* [ENTRIES PROVIDED]

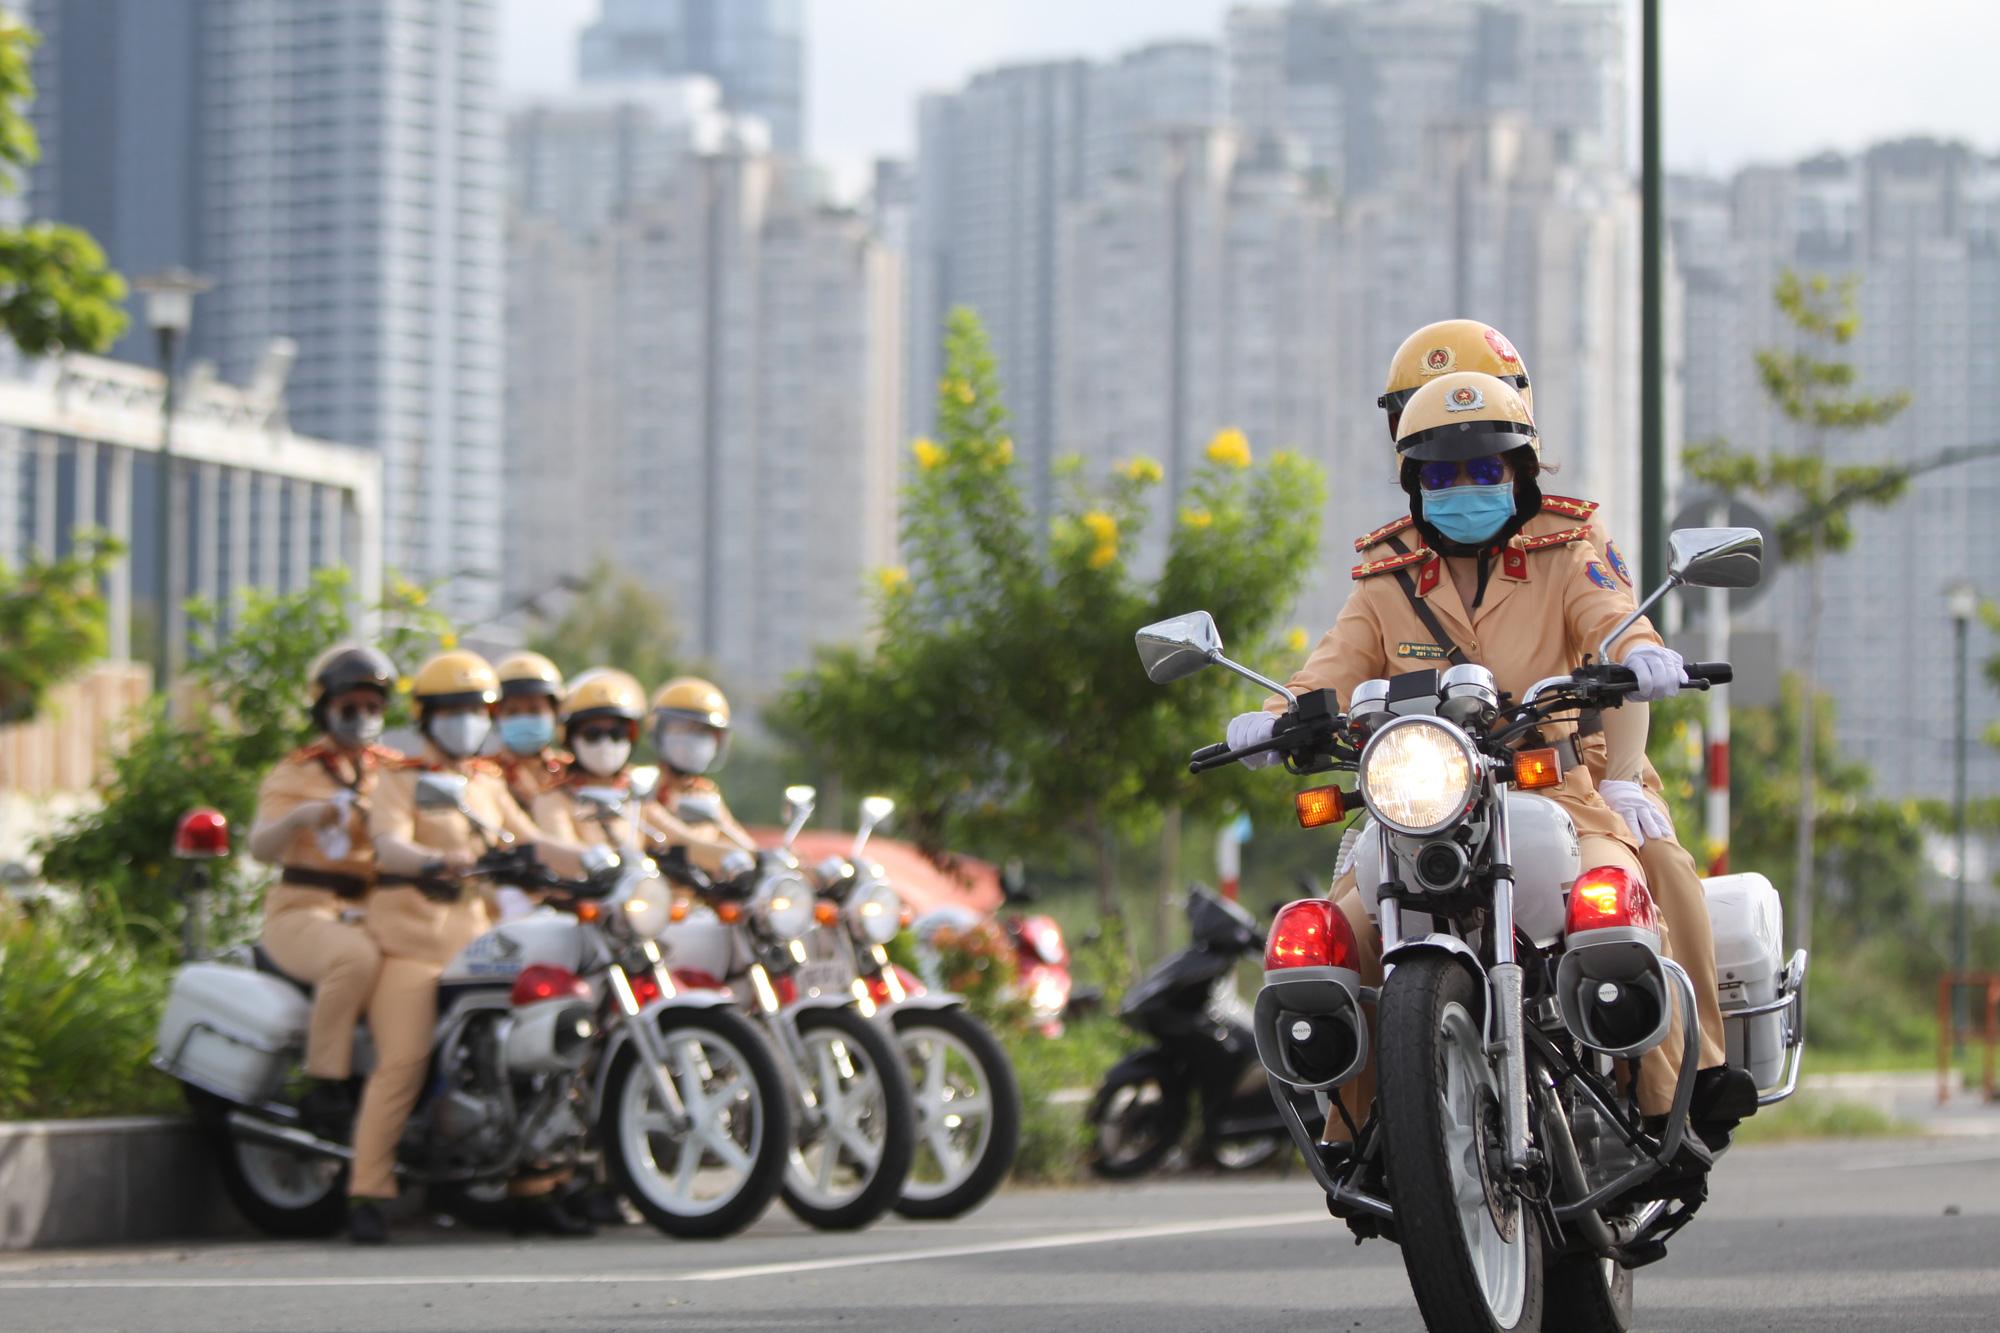 [eMagazine] Ngỡ ngàng với kỹ năng điều khiển mô tô của đội nữ CSGT dẫn đoàn đầu tiên - Ảnh 10.
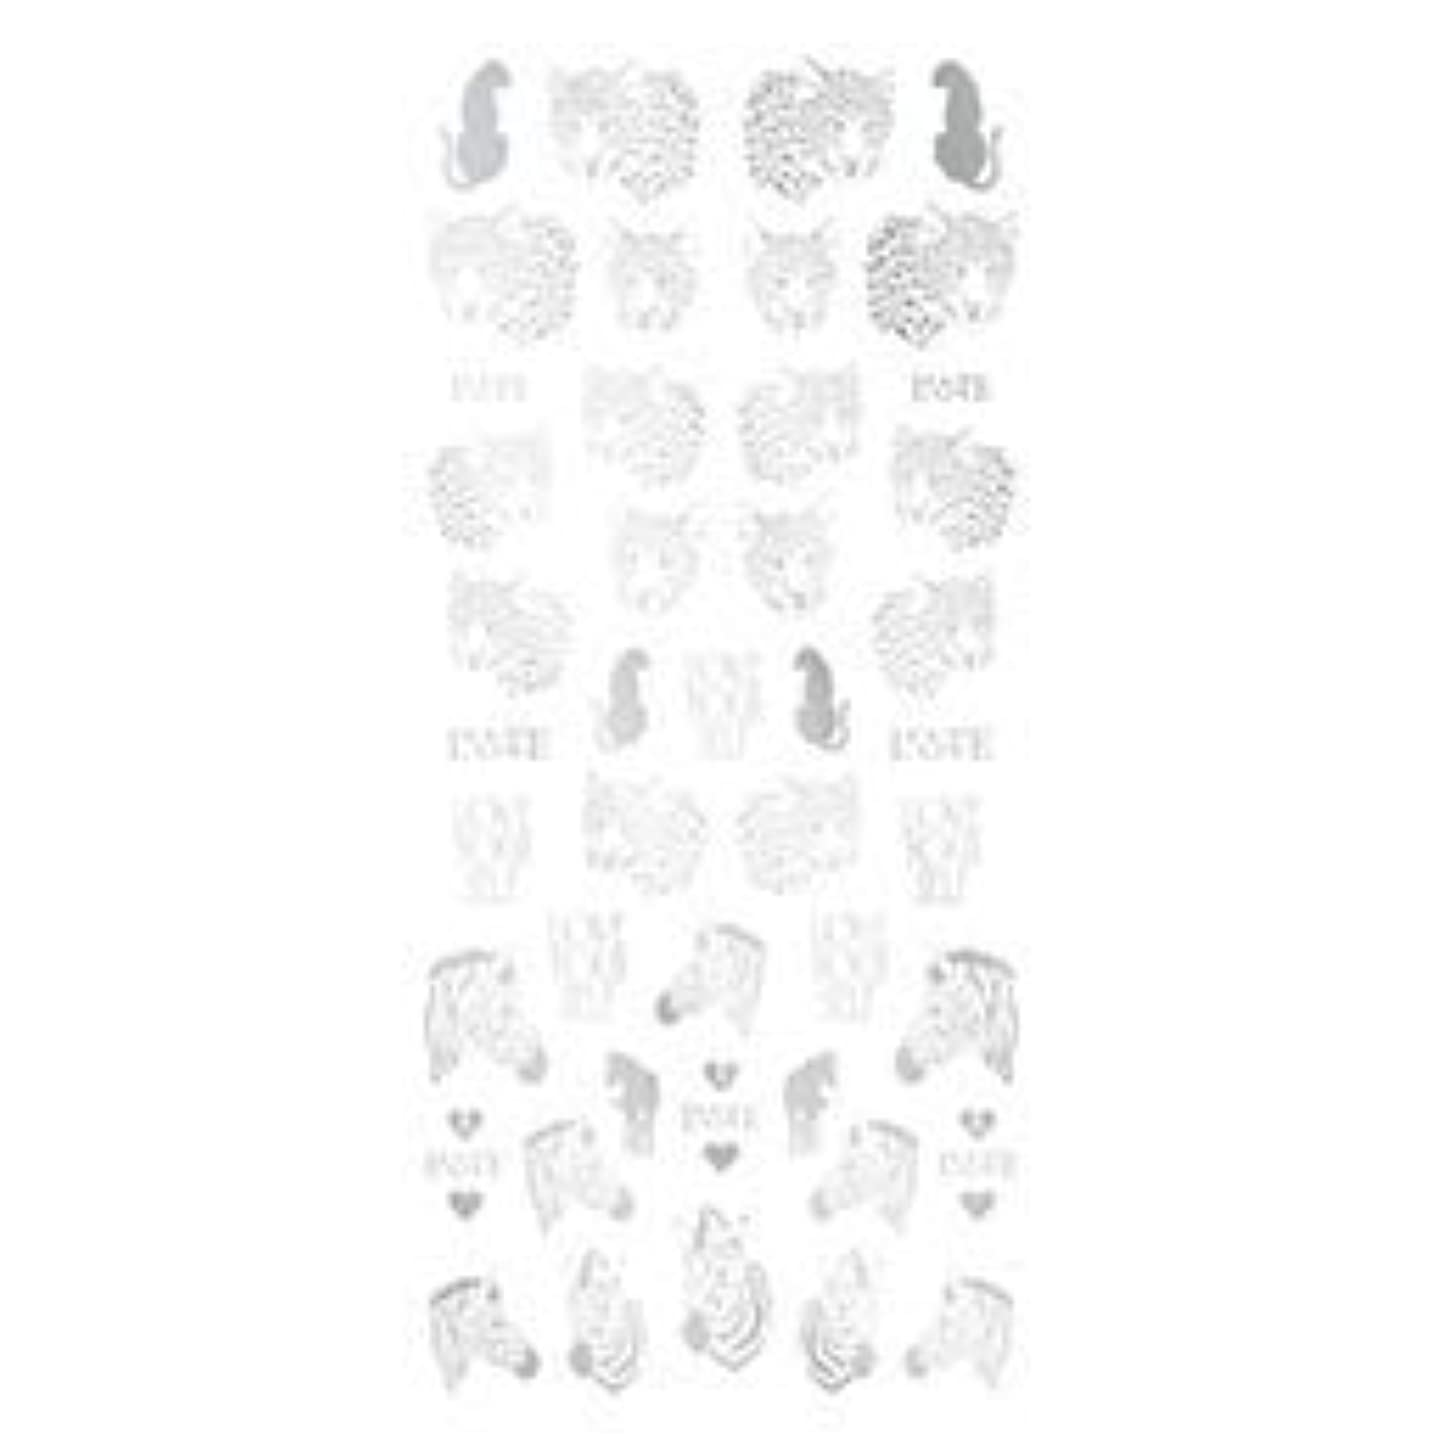 ヨーグルト細い頭痛ツメキラ pd CHiHOプロデュース2 アニマリスト ホワイトゴールド SG-CHI-108
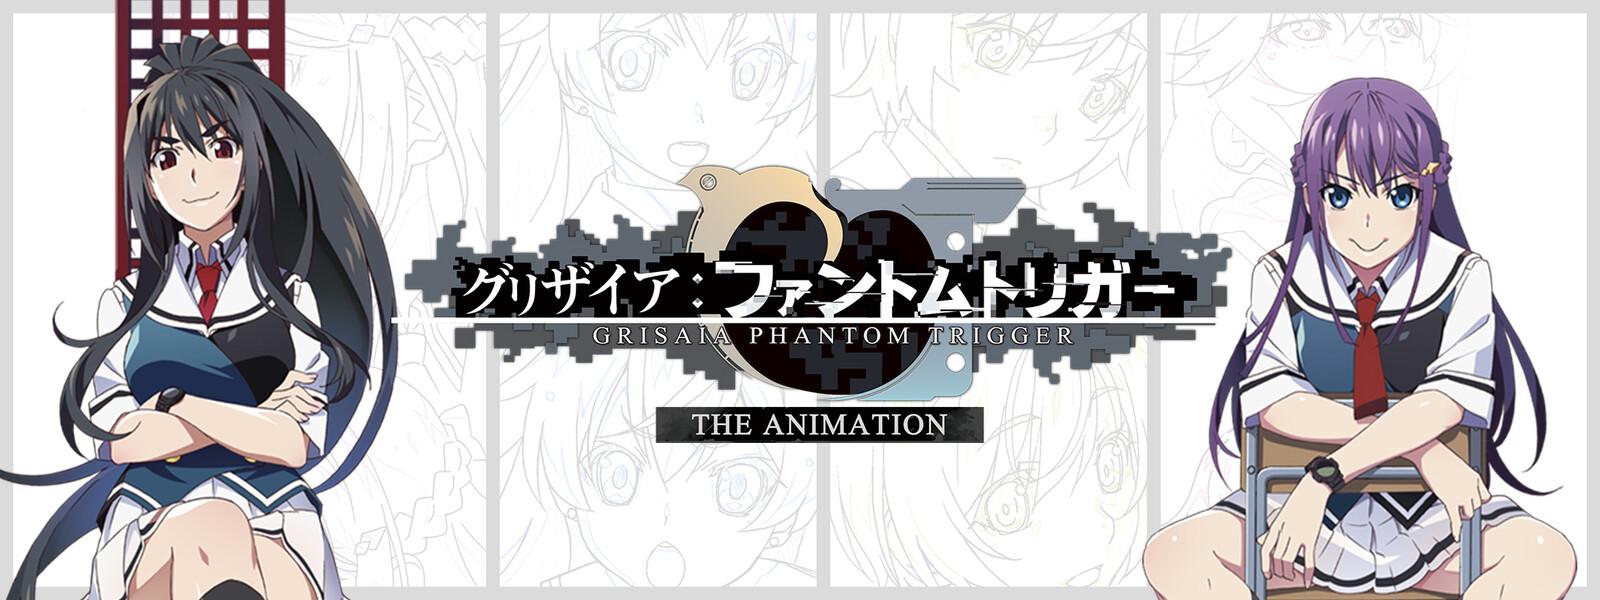 グリザイア:ファントムトリガー THE ANIMATION 動画
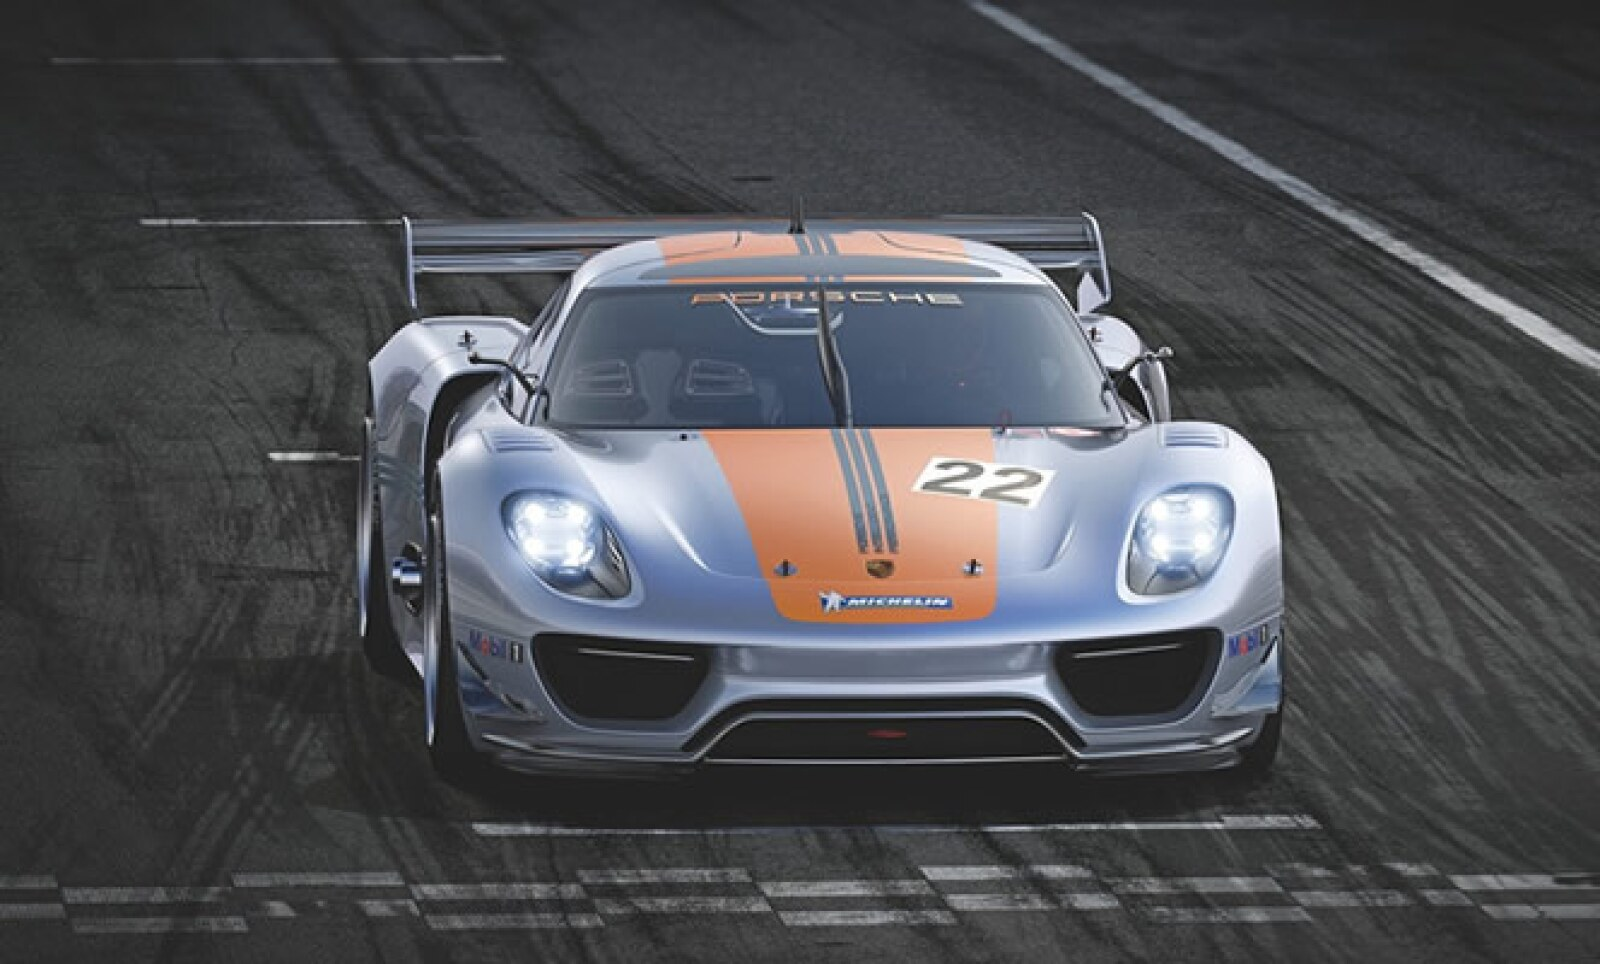 La marca de lujo alemana estuvo presente en este show para compartir un nuevo modelo de carreras que tiene como base su carrocería Spyder, pero con dos motores híbridos. Tiene una velocidad máxima de 222.3 kilómetros por hora.
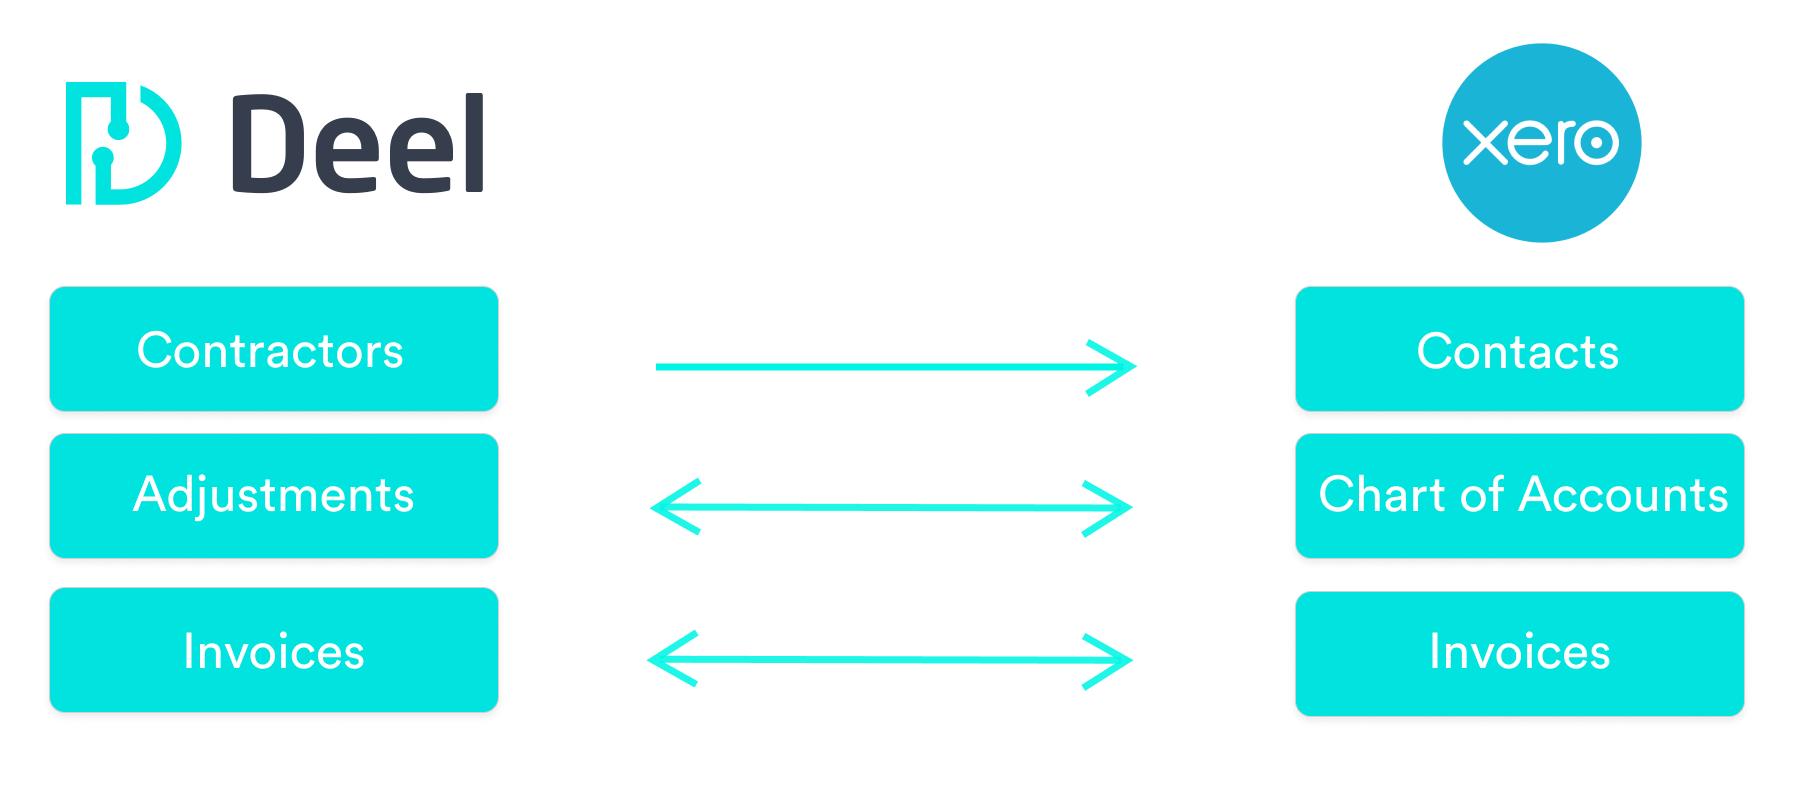 deel-xero data flow diagram

* [INSTRUCTIONS FOR THE TASK] Reproduce every entry exactly; images stay out.

* [YOUR RESPONSE]
 [eMagazine] Ngỡ ngàng với kỹ năng điều khiển mô tô của đội nữ CSGT dẫn đoàn đầu tiên - Ảnh 10.
 ヨーグルト細い頭痛ツメキラ pd CHiHOプロデュース2 アニマリスト ホワイトゴールド SG-CHI-108
 グリザイア:ファントムトリガー THE ANIMATION 動画
 La marca de lujo alemana estuvo presente en este show para compartir un nuevo modelo de carreras que tiene como base su carrocería Spyder, pero con dos motores híbridos. Tiene una velocidad máxima de 222.3 kilómetros por hora.
 deel-xero data flow diagram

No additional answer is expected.